The technologies Microsoft is using have serious, fundamental challenges, and so far Microsoft has been very tight-lipped about how (or if) they've solved them. If they haven't solved them, then their goal of shipping within a year is very concerning. The last thing VR and AR need is a big company shipping another half-baked product like the Kinect. Remember the Project Natal demo from 2009?

Without further ado, here are the five most important things I'd like to know about the HoloLens.

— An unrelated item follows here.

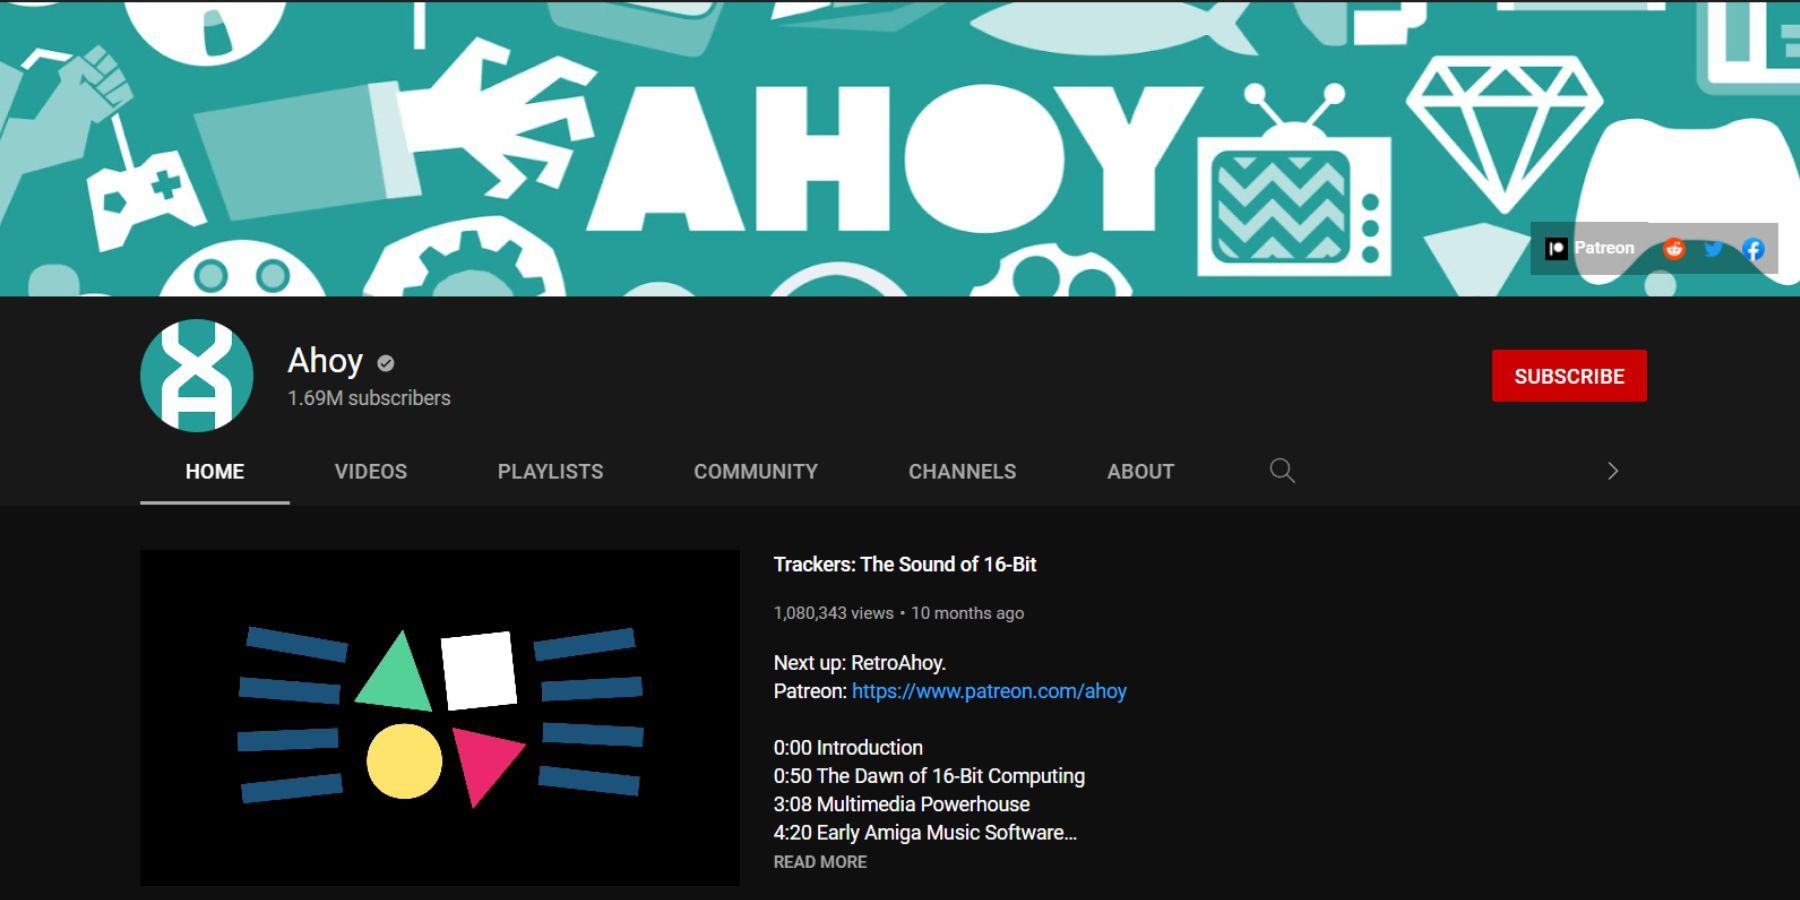 Channel page for Ahoy on YouTube

Is This a Light Field Display?

In order to understand this one, we have to look a little deeper into 3D, and how it works. In order to get the sensation of a real, tangible 3D world, our brains integrate a lot of different kinds of information. We get depth cues about the world in three primary ways:

Stereo depth -- the disparity between what both of our eyes see. Faking this is how 3D movies work
Motion parallax -- subtle motions of our head and torso give us additional depth cues for objects that are farther away
Optical focus -- when we focus on something, the lenses of our eyes physically deform until it comes into focus; near-field objects require more lens distortion, which provides depth information about what we're looking at

Optical focus is easy to check out for yourself: close one eye and hold your thumb up in front of a wall across the room. Then, shift your focus from your thumbnail to the surface behind it. When looking past your thumb, your thumb will shift out of focus because the lens of your eye is now less deformed and can't correctly collect the light coming from it.

VR headsets like the Oculus Rift provide the first two cues extremely accurately, but not the last, which works out surprisingly well: our eyes default to relaxing completely, since the optics focus the images as through the light were coming from infinitely far away. The lack of the optical focus cue is unrealistic, but it usually isn't distracting. You can still have very cool gaming experiences without it.

In augmented reality, the problem is different, because you have to mix light from real and virtual objects. The light from the real world will naturally be focused at a variety of depths. The virtual content, however, will be all be focused at a fixed, artificial distance dictated by the optics -- probably on infinity. Virtual objects won't look like they're really part of the scene. They'll be out of focus when you look at real things at the same depth and vice versa. It won't be possible to move your eye fluidly across the scene while keeping it in focus, as you do normally. The conflicting depth cues will be confusing at best, and sickening at worst.

In order to fix this, you need something called a light field display. Light field displays are displays that use an array of tiny lenses to display light focused at many depths simultaneously. This allows the user to focus naturally on the display, and (for augmented reality) solves the problem described above.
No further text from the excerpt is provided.